Sulfadoxine (also spelled sulphadoxine) is an ultra-long-lasting sulfonamide used in combination with pyrimethamine to treat malaria. It is also used to prevent malaria but due to high levels of resistance, this use is becoming less common. It is also used, usually in combination with other drugs, to treat or prevent various infections in livestock.

Sulfonamides are synthetic drugs with low potency against a wide range of parasitic organisms including Plasmodia, T. gondii and P. carinii. Sulphonamides act through inhibition of dihydropteroate synthetase. Resistance arises through multiple mutations in this gene. Sulfadoxine is available (combined with pyrimethamine) in both oral and intramuscular forms. It is rapidly and extensively absorbed from the gut. Sulfadoxine is about 94% bound to plasma proteins. T1/2 is around184 hours in healthy adults following oral dosing.

Dosage

In the treatment of Plasmodium falciparum, sulfadoxine is always used in fixed-ratio combination with pyrimethamine. For adults, a single dose of sulfadoxine, 1.5 g, is given with pyrimethamine 75 mg. The drug is contraindicated in patients with severe renal insufficiency, marked liver parenchymal damage or blood dyscrasias.

Adverse Effects

The adverse effects of sulfonamides may be considered for the group as a whole. Differences in frequency and severity of reactions are largely a function of elimination rate: bizarre reactions to slowly eliminated drugs being more severe because drug exposure is longer. Most are of a ‘type B’ or bizarre type and many are thought to involve the immune system. They include fever, arthralgia, bone marrow adverse reactions including neutropaenia, agranulocytosis, and aplastic anaemia, rashes which range from the trivial to the life-threatening and methemoglobinaemia and haemolysis in patients with glucose-6-phosphate dehydrogenase deficiency. The commonest serious type A adverse reaction is crystalluria.

Drug Interactions

Sulfonamides generally are prone to adverse drug interactions by three principal mechanisms: Displacement from plasma protein binding, Inhibition of biotransformation, Additive pharmacodynamic response. The first two mechanisms, occurring together, explain the ‘toxic’ potentiation of several drugs with the following common characteristics: Cleared by biotransformation to a large degree, extensively bound to plasma proteins, Narrow therapeutic range included in this list are: warfarin (and other coumarins), sulfonylureas and phenytoin.
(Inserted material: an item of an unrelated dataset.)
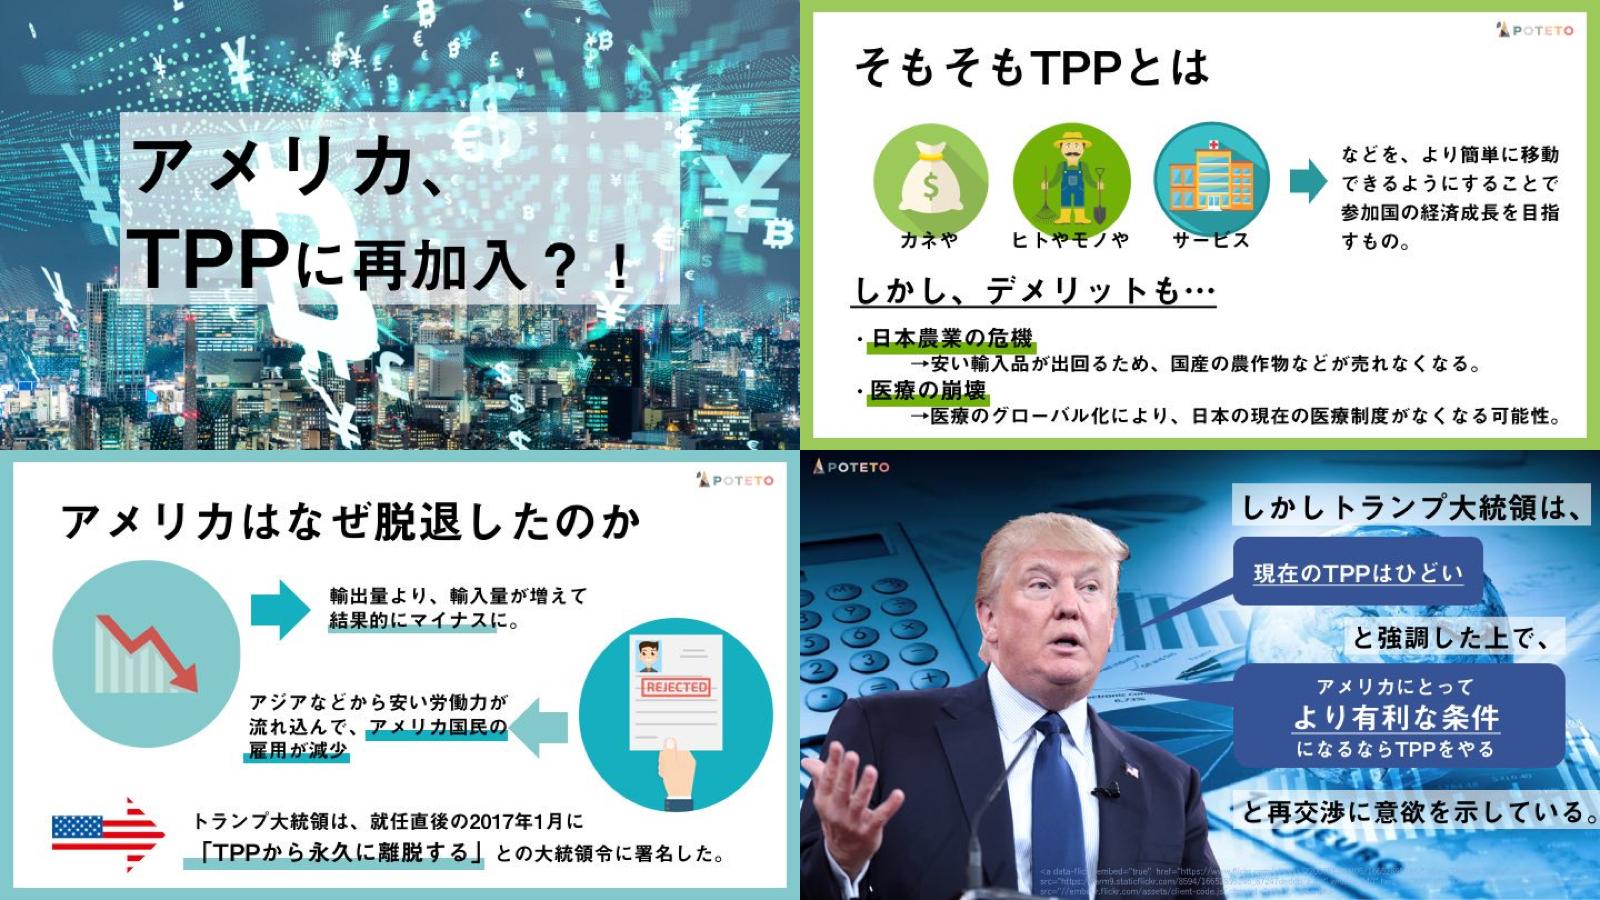 7fb8f1c748d490339c64aa37f2515920 3 - アメリカ、TPPに再加入?

The presence of other medical problems may affect the use of this medicine. Make sure you tell your doctor if you have any other medical problems, especially: Anemia or other blood problems: Patients with these problems may have an increase in side effects involving the blood, Kidney disease or, Liver disease: Patients with kidney and/or liver disease may have an increased chance of side effects, Porphyria: This medicine may cause an attack of porphyria and Seizure disorders, such as epilepsy: High doses of this medicine may increase the chance of convulsions (seizures).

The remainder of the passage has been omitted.